Outstanding entries! Good job everyone! My favorite is #10. So kudos to you if you designed it! If a change could be made to it, it would be the cloths color! But, it's a minor thing in my opinion!

Great Job everyone!


----------



## larry (Apr 5, 2002)

PLEASE NOTE: Items 18-higher were added a couple of hours after the poll started. 

If you voted prior to the time when these items were added and wish to change your vote from an entry 1-17 to something 18-higher, please send me a private message (only if you voted within the first couple of hours of poll and want to change your vote).


----------



## Uruk-Hai (Aug 31, 2008)

Great entries everyone! I wish I had had time to do something up alas, too busy!


----------



## Herman Secret (Oct 1, 2007)

Great job everyone that entered. Hard to choose a favorite so apologies to the 26 I wasn't able to vote for


----------



## Thom_Serveaux (May 8, 2008)

pm'd you about one of my entries, larry...


----------



## ElGuapoGuano (Oct 5, 2006)

I resisted the urge to vote for my own entry, just cause 10 is so good. With 46% of the vote at this time. I think we've got a winner. Whoever created that one, kudos, great job man! Very professional. :>)


----------



## ElGuapoGuano (Oct 5, 2006)

ElGuapoGuano said:


> I resisted the urge to vote for my own entry, just cause 10 is so good. With 46% of the vote at this time. I think we've got a winner. Whoever created that one, kudos, great job man! Very professional. :>)
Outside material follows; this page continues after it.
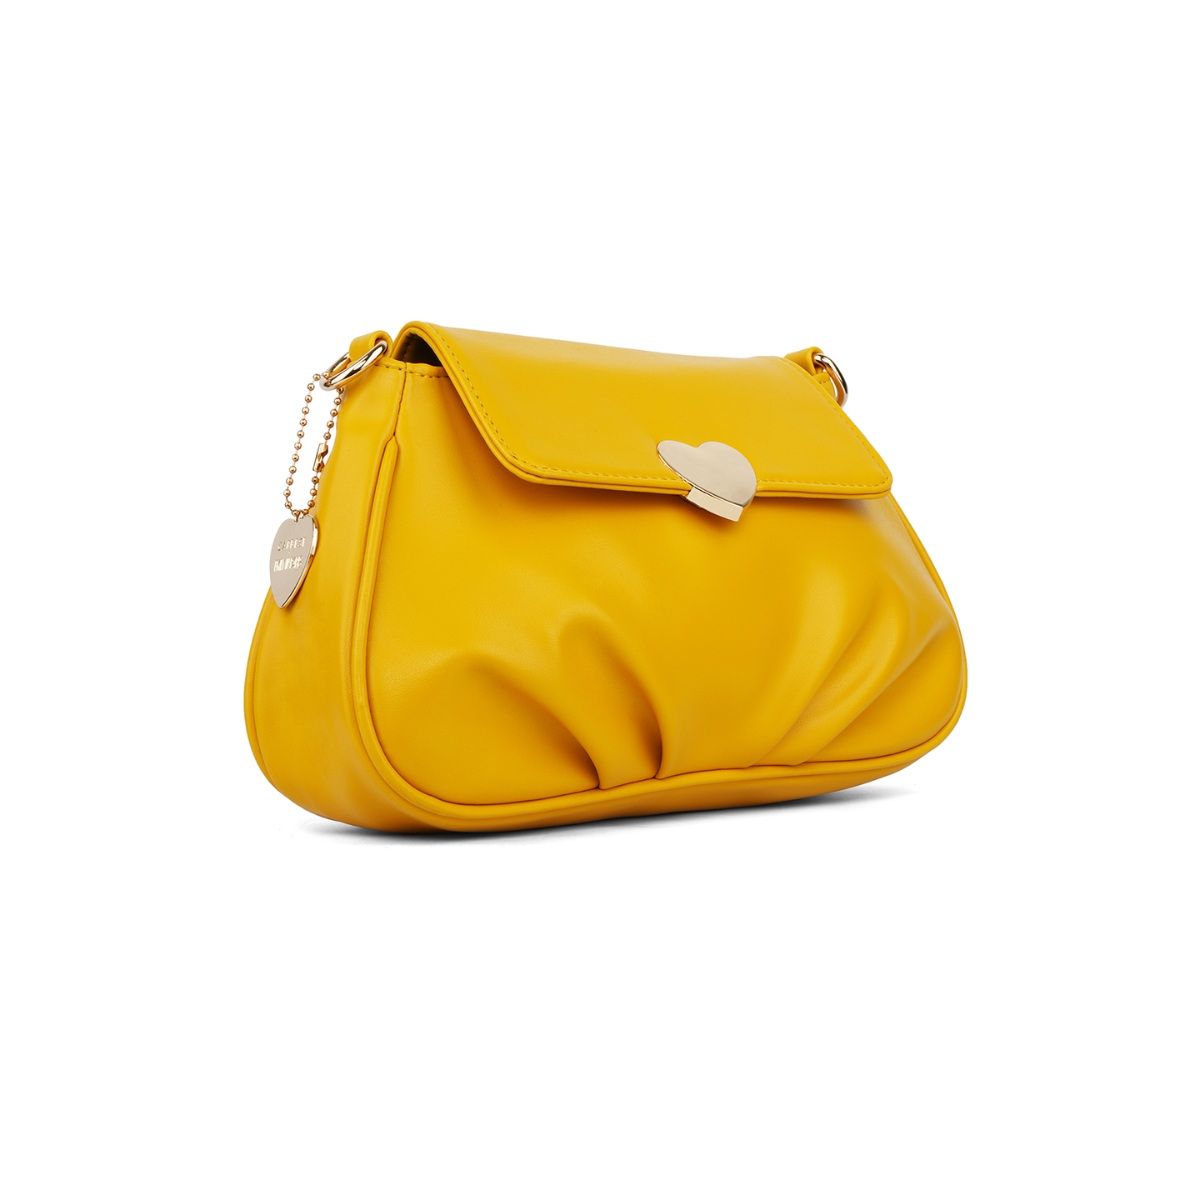 Buy Haute Sauce Women Yellow Handbag Yellow Online @ Best Price in India |  Flipkart.com

 Also I wanna give props to number 3, a close second...


----------



## hallorenescene (Dec 28, 2007)

some tough choices there. very nice work done by all. wish you all the best.


----------



## Growler (Aug 12, 2008)

Ok, if my choice wins I'm actually going to have to scrape the money together this year. I just loved it!


----------



## Frankie's Girl (Aug 27, 2007)

That was WAY harder to choose than I'd thought it would be! AWESOME selection and talent here!

I have a good idea about the members on a few, tho.


----------



## Thom_Serveaux (May 8, 2008)

ElGuapoGuano said:


> I resisted the urge to vote for my own entry, just cause 10 is so good. With 46% of the vote at this time. I think we've got a winner. Whoever created that one, kudos, great job man! Very professional. :>)


Ditto, though I'm partial to my first entry. I foolishly posted it out in the open to the contest 'start-up' thread. 

To make matters worse, when larrry pm'd me about the fact that that entry fell short in several regards, I was blissfully ignorant of his warning. Despite that he took the time to explain once more why it wasn't up to snuff. The last line was actually very helpful and encouraging. 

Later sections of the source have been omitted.